A large truck plowed into a crowd of people in the southern French of city of Nice on Thursday night, killing at least 84 people and leaving 18 in critical condition as the heavy vehicle mowed over its victims along hundreds of feet, according to police and government officials. The grim death toll jolted the entire country, which has been tenterhooks for months, wondering if and when another deadly assault might occur.
The incident occurred just as thousands of people poured on to the streets on a warm midsummer’s night to celebrate the country’s biggest public holiday of the year, Bastille Day, and to watch the fireworks display — a traditional feature in every city and village across France in the annual celebrations. The truck slammed into the crowds gathered on the city’s Promenade des Anglais, which runs along the Mediterranean seafront, and sent those who could escape screaming in panic as they fled the scene. The driver fired on the crowd before being fatally shot by police, officials said.

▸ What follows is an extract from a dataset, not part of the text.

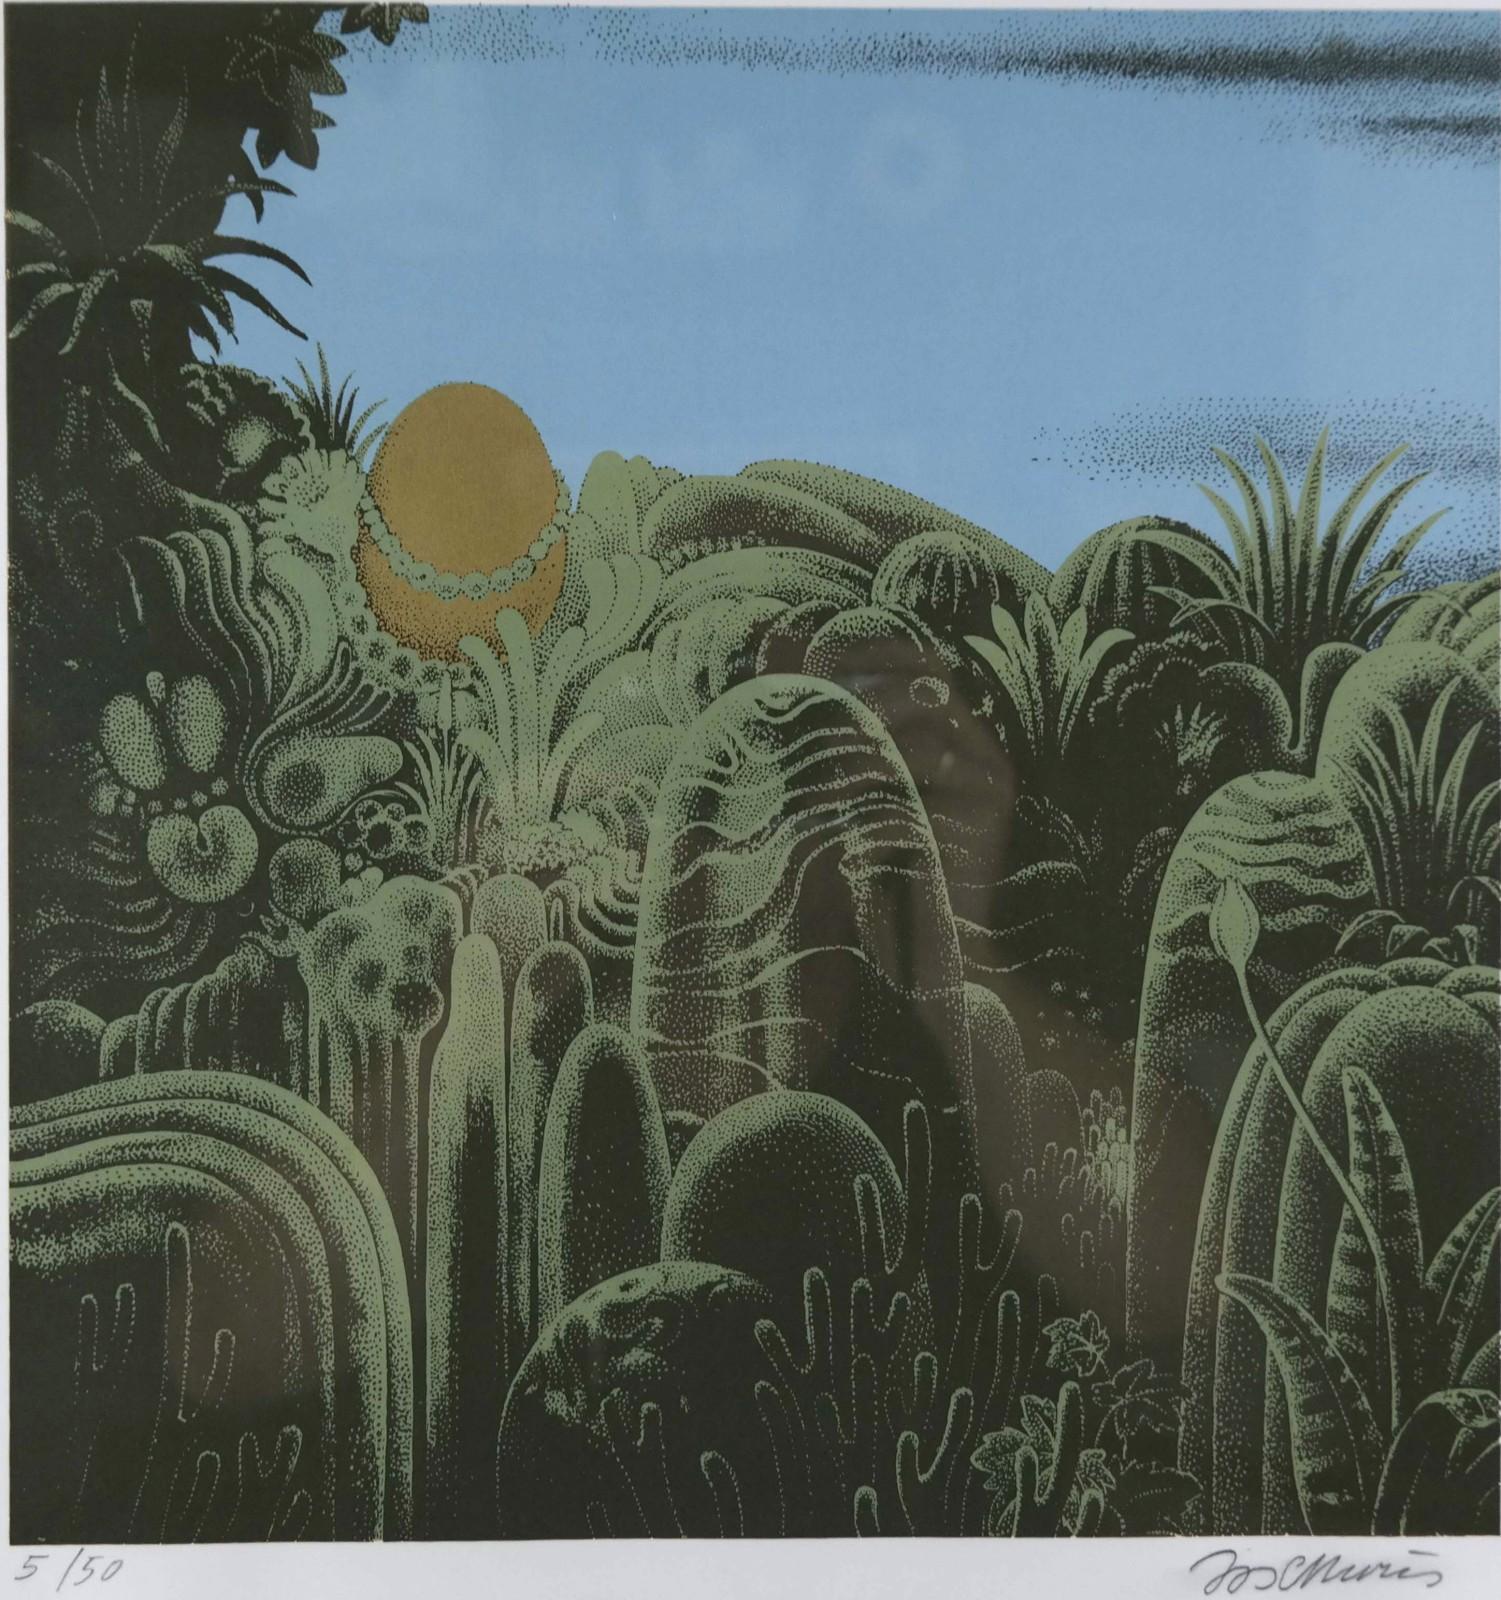 Jos Muris (1936-1984) – Landschap met gouden ei

Terrorist Attack in Nice, France
The scene in Nice was one of devastation, with the heavy-duty white truck stalled amid the bloodshed on the street, its windows smashed and riddled with bullets, from police gunfire. The Nice region’s president said that the truck was loaded with arms and grenades, according to the AP.
“There was carnage on the road,” eyewitness Wassim Bouhlel told the AP. “Bodies everywhere.”
Damien Allemand, a journalist with Nice Matin, wrote that he had been watching the end of a fireworks display just before the truck appeared and began to slam into people.
“I saw bodies flying like bowling pins along its route. Heard noises, cries that I will never forget,” he wrote.
Aftermath of the Truck Attack in France
Alain Boudail, owner of Le Cocodile Restaurant in Promenade Des Anglais, told TIME the attack was “carnage.”
“I could hear screams, cries and it looked like bowling, people were being thrown in the air two or three meters high,” he said. “In front of my restaurant there were at least 10 people laying on the street, dead.”
He said High Club, a nightclub next door, had been turned into a field hospital.
For France, the attack on Thursday night is likely to be deeply distressing — and to raise the question about how the country can possible avoid further attacks, given the extraordinary security measures already in place. What is more, Thursday’s mass deaths, if terrorism, will be the third terror attack in France in just 18 months; in January 2015 ISIS and al-Qaeda gunmen killed 17 people at the Charlie Hebdo satiric publication and a kosher supermarket, both in Paris. Then came the Paris attacks — a devastating blow, from which the country had only just begun to shake off the anxiety and grief.
By midnight, no group had claimed responsibility for the chaos. But regional police and local officials in the South of France quickly declared it a terrorist attack. They appealed for people to remain calm and went on television to tell people to stay indoors — clearly fearing that there might be multiple attacks on the streets, as there were in last November’s Paris attacks, when ISIS gunmen-suicide bombers opened fire on cafés and a music hall, killed 130 people. On Twitter, the regional mayor Christian Estrosi told Nice residents, “Stay for the moment in your homes. More info to come.”
France has been under a state of emergency since then, and thousands of armed soldiers patrol department stores, stations, and other public places. Security was hugely ramped up during the FIFA European Football Championships, which French officials feared could be a target of attack. Indeed, police in Nice evacuated a shopping center in Nice late last month, after a threat that a bomb would explode during the England-Iceland match being played in that city. There was a palpable sense of relief among the French after the championship’s final game last Sunday, that the monthlong tournament ended without an attack.